If this is what you want, then it might be better done as a network protocol module that just pretends to be a wineserver, and supports the same read/write/sendmsg/recvmsg interface. (It'd have to be a network protocol to be able to get sendmsg/recvmsg calls):
int serv = socket(AF_WINE,SOCK_STREAM,0); short addr = AF_WINE; connect(serv,(struct sockaddr*)&addr,sizeof(addr));
I still think that it should be possible to improve that by a small kernel hack. It will never be as fast as doing everything in the kernel of course, but it may just be fast enough to avoid the need to reimplement the whole server.
If you want to suggest exactly what you'd like to see as a hack...

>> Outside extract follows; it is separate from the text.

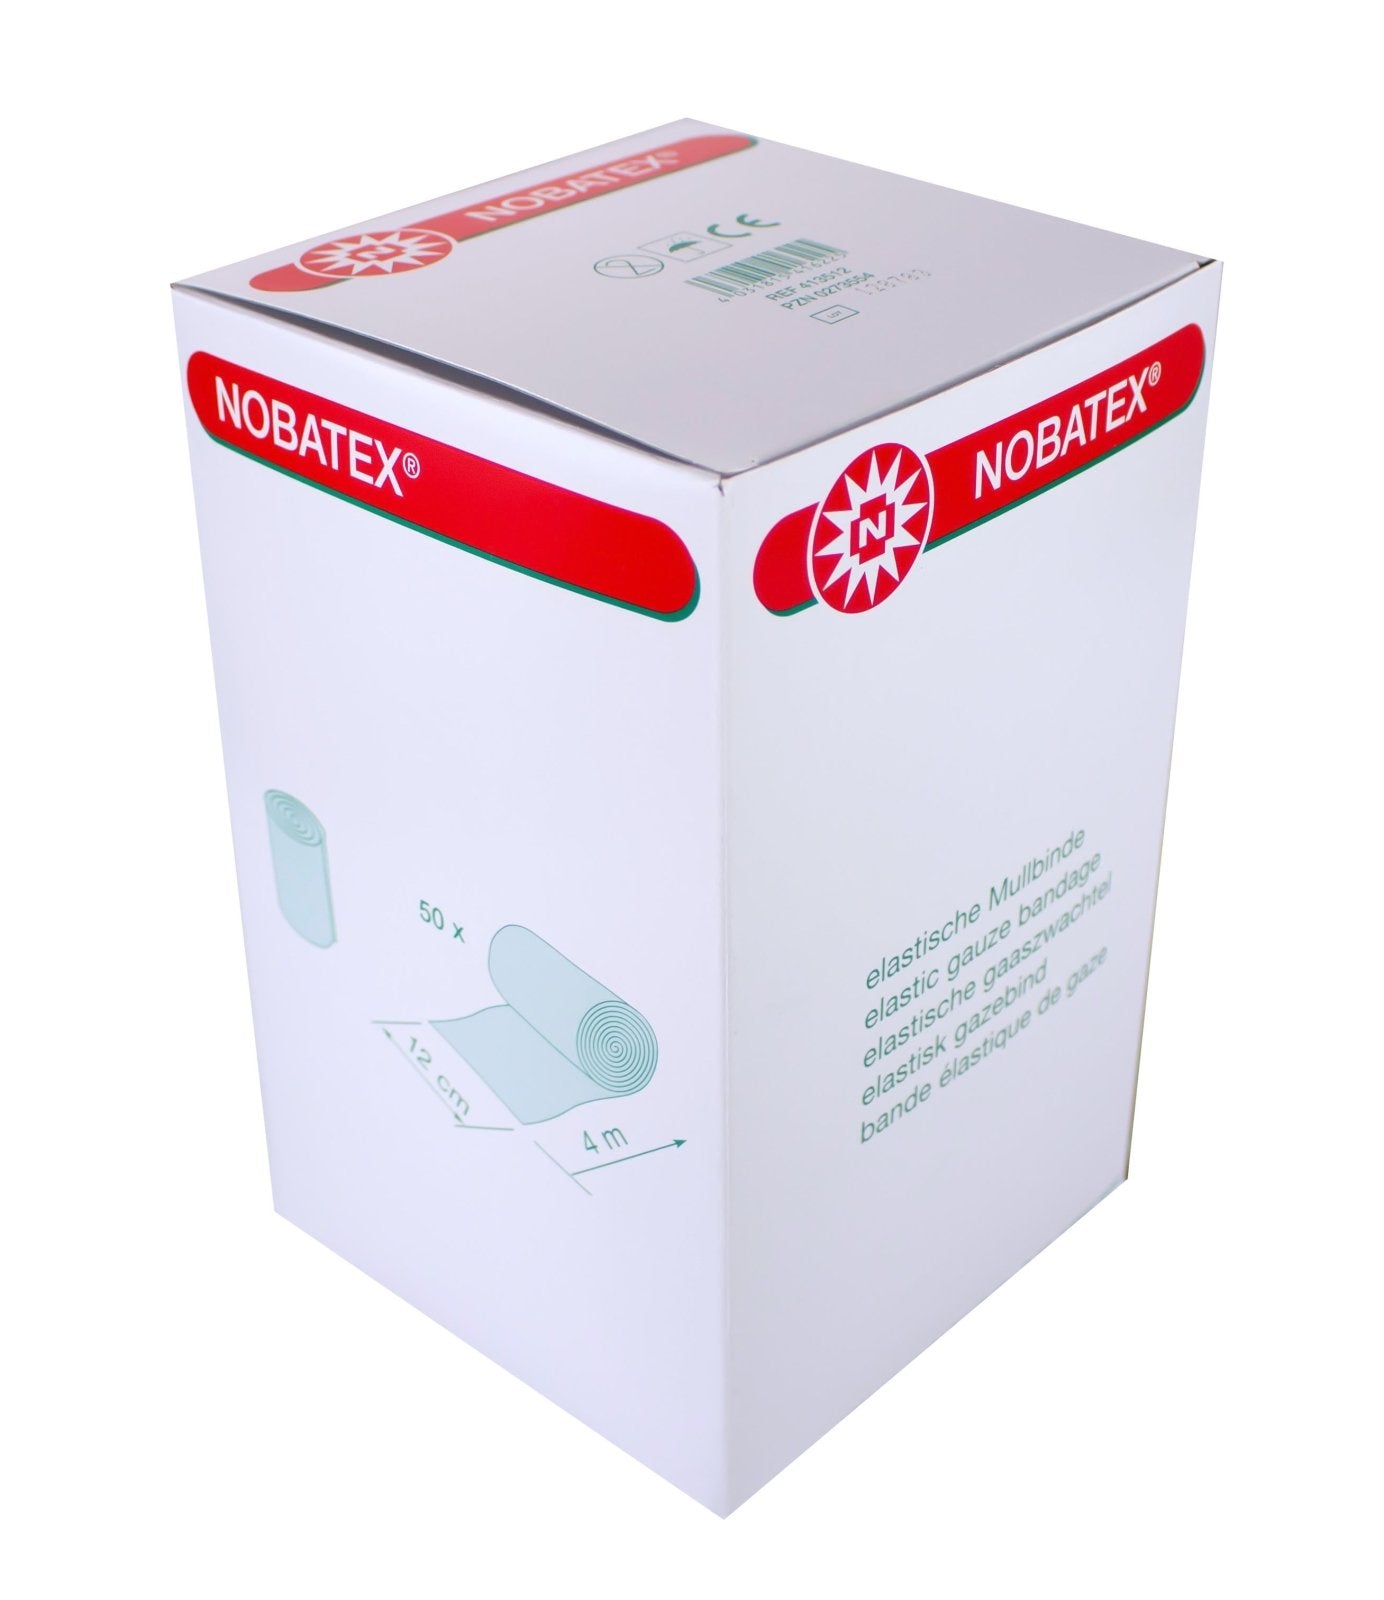 Noba Nobatex elastische Fixierbinden Großverbraucherpackung 50 Stück

Have you measured how many dirty pages you can avoid with your change? It seems to me that in most cases, when the dll is loaded at its preferred address, the number of pages made dirty by the fixups should be quite small anyway.
As far as I've observed (I've got Win2000 available), most Windows DLL's have 512-byte (sector) alignment internally, _not_ 4096-byte (page) alignment for the sections. This means that the separate sections can't be mmap'd (or else they'd lose their required relative relationships):
VIRTUAL_mmap() { ... /* mmap() failed; if this is because the file offset is not */ /* page-aligned (EINVAL), or because the underlying filesystem */ /* does not support mmap() (ENOEXEC,ENODEV), we do it by hand. */ ... }
This appears to happen a lot. And then _all_ the pages in that section are dirty, irrespective of whether fixups are done or not.
Also, since DLLs and EXEs are not compiled as PIC (the MSDEV compiler not having such an option as far as I can recall), the fixup tables usually seem to apply to just about every page in the code section.
I'll have to write a small program to collect some statistics:-)
As for the DLL being loaded at it's preferred address, the kernel module jumps around the fixup stuff, and doesn't even consider trying to perform it.
Plus pages that have been altered by the fixup code are actually marked _clean_ by the VM subsystem, and can thus be simply discarded when physical memory needs to be reclaimed.
David